=== Begin Enclosure ===

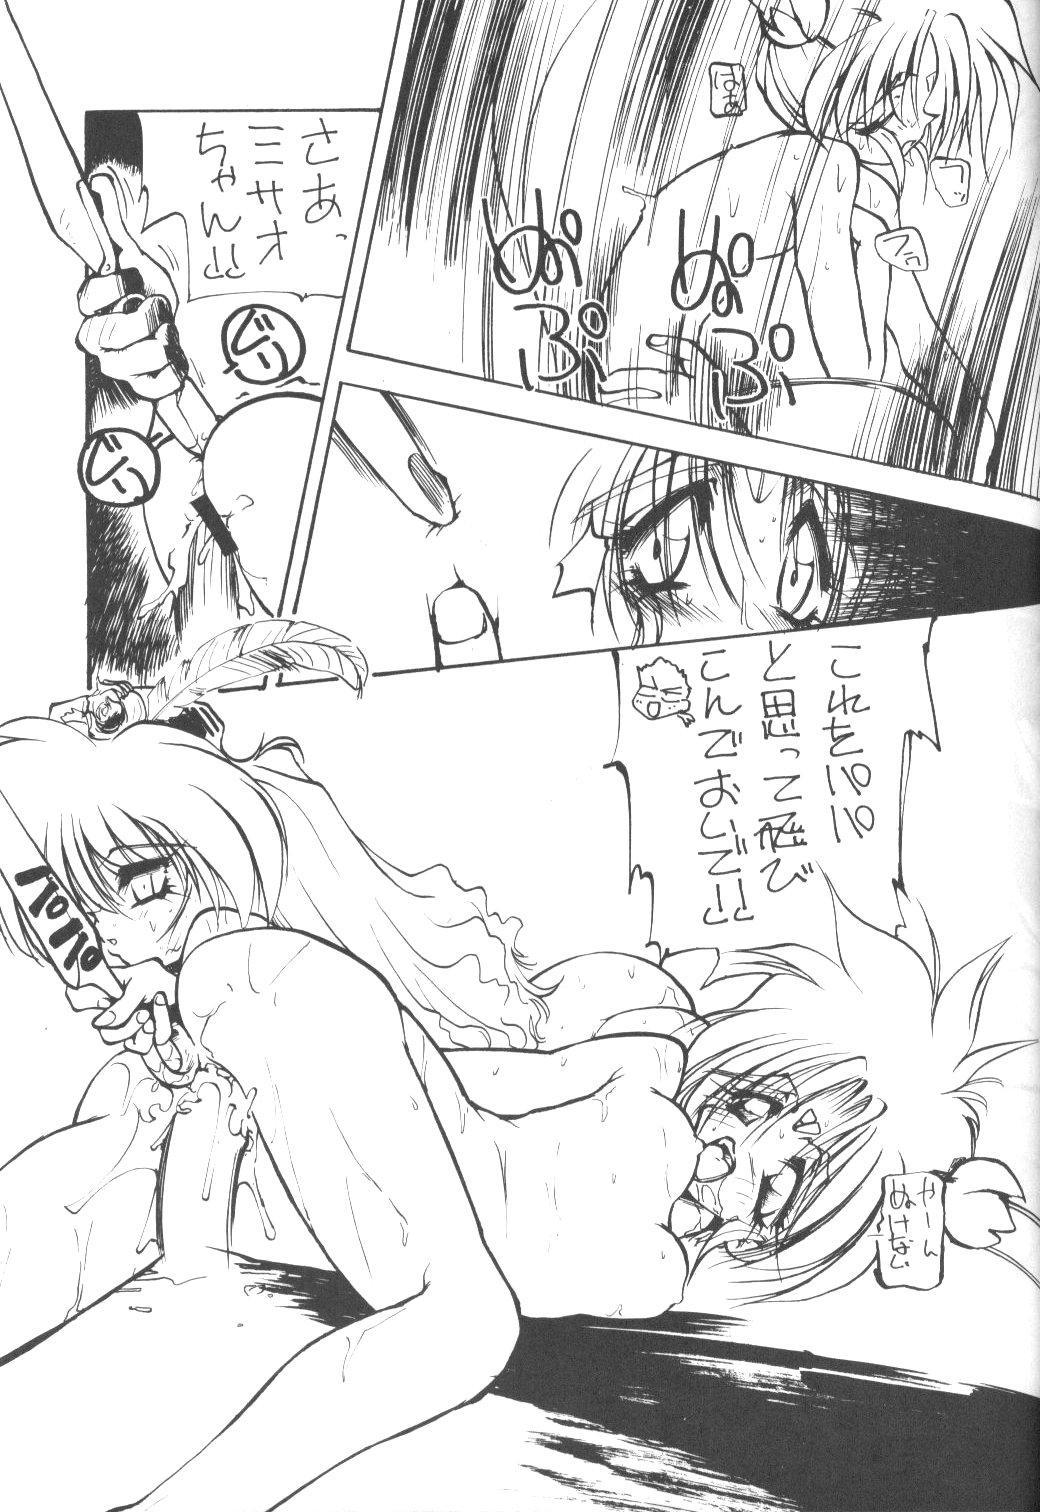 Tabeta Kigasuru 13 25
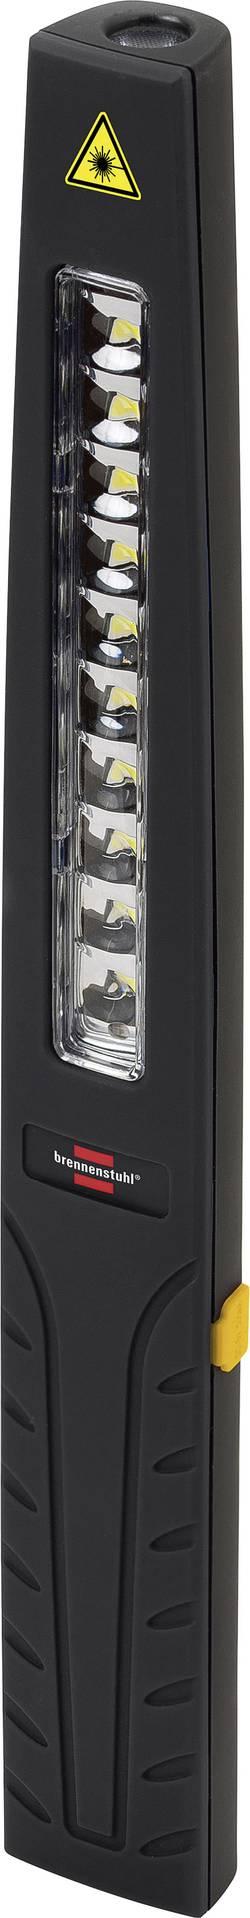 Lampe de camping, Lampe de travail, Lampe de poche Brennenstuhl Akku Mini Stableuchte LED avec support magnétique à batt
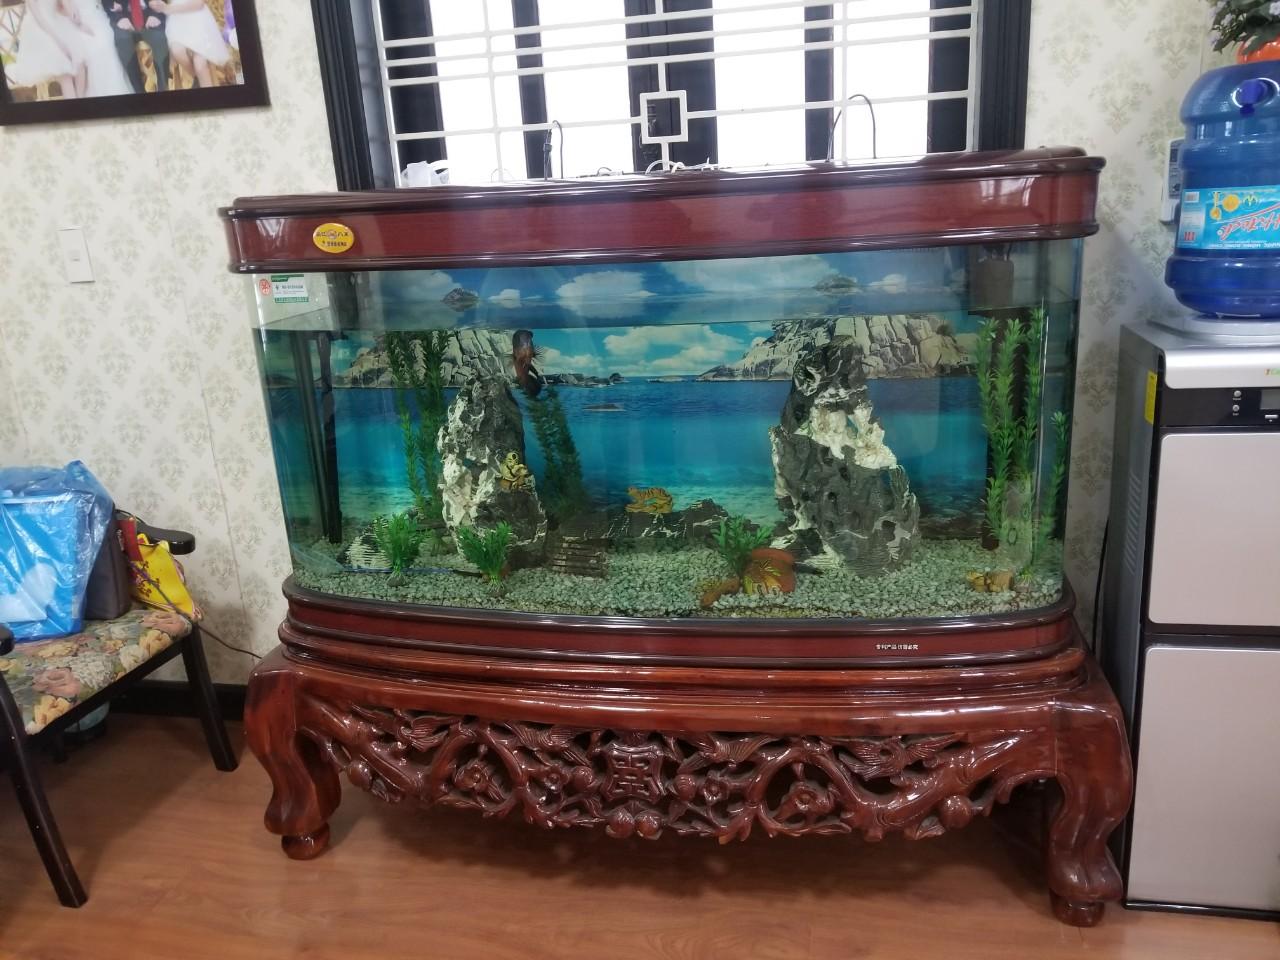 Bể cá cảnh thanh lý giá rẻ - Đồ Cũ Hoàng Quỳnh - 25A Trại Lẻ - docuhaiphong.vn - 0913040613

=== End Enclosure ===
=== Begin Enclosure ===

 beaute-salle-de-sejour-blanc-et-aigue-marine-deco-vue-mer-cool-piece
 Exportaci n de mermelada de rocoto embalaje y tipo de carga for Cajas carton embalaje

=== End Enclosure ===
=== Begin Enclosure ===

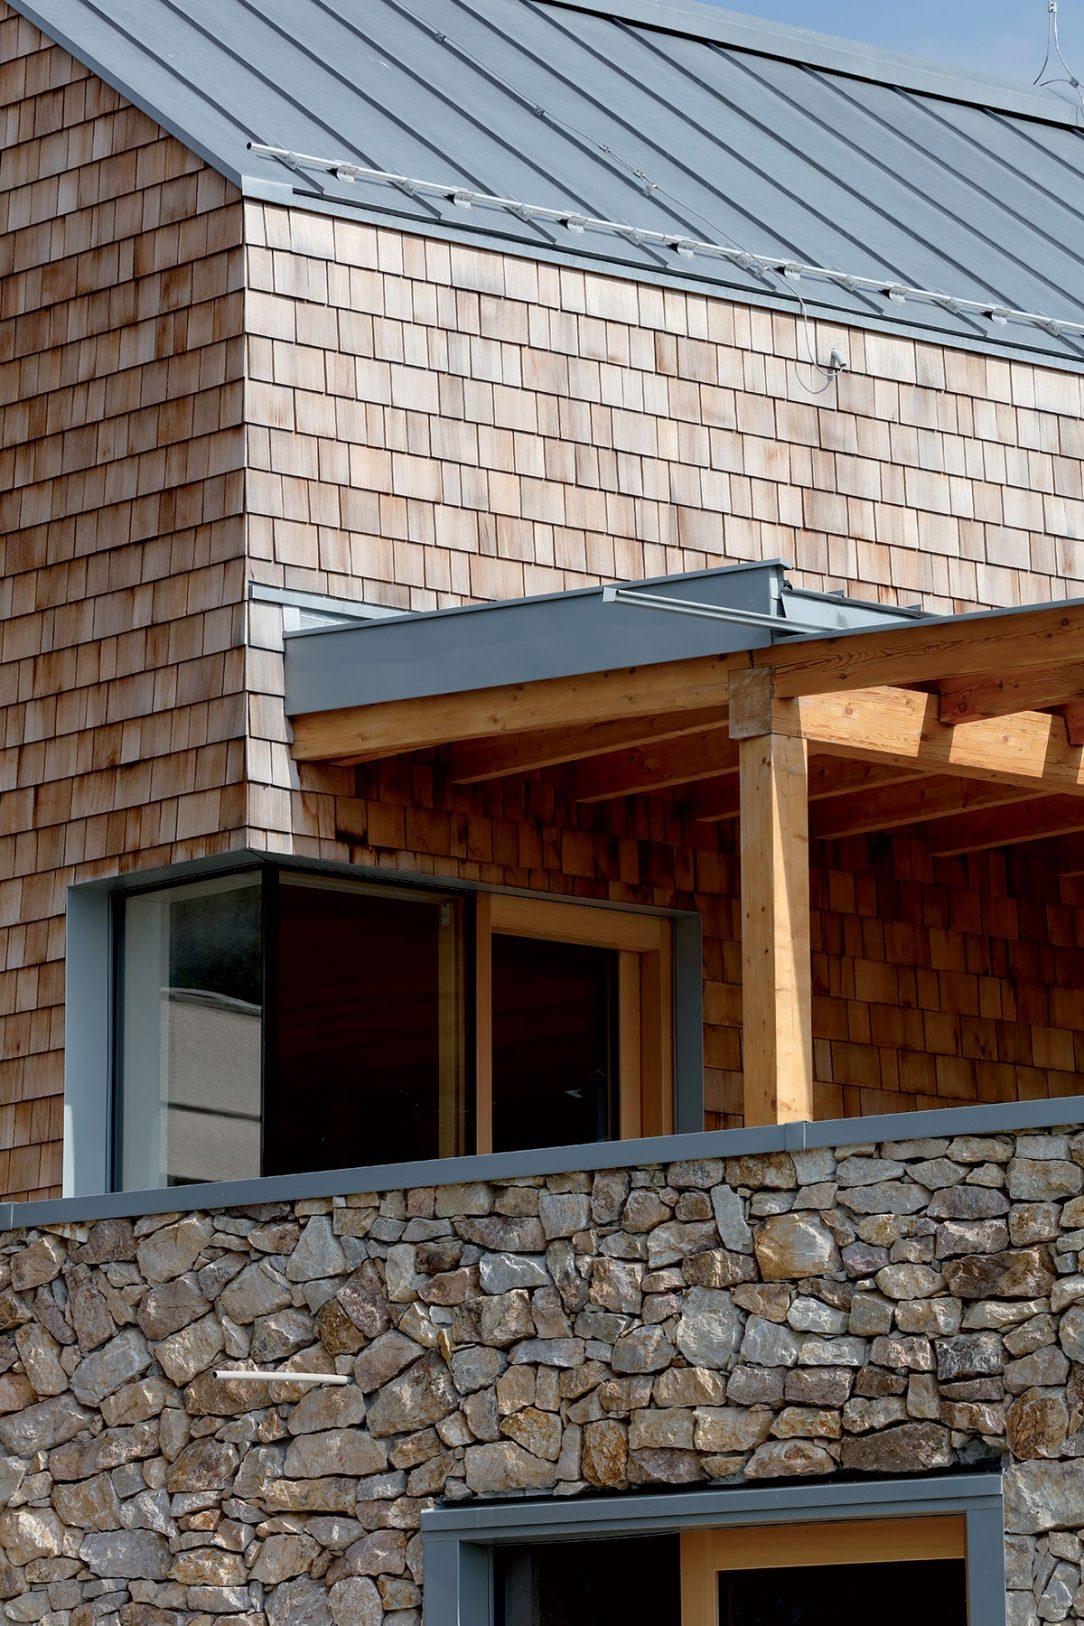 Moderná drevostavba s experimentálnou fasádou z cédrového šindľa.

=== End Enclosure ===

** What the task asks **
Look above for the line with "Tabeta Kigasuru 13 25" and the line with "Bể cá cảnh thanh". Give again exactly those two lines and all lines between them, pictures excluded.

** Written solution **
 Tabeta Kigasuru 13 25
 Lampe de camping, Lampe de travail, Lampe de poche Brennenstuhl Akku Mini Stableuchte LED avec support magnétique à batt
 Bể cá cảnh thanh lý giá rẻ - Đồ Cũ Hoàng Quỳnh - 25A Trại Lẻ - docuhaiphong.vn - 0913040613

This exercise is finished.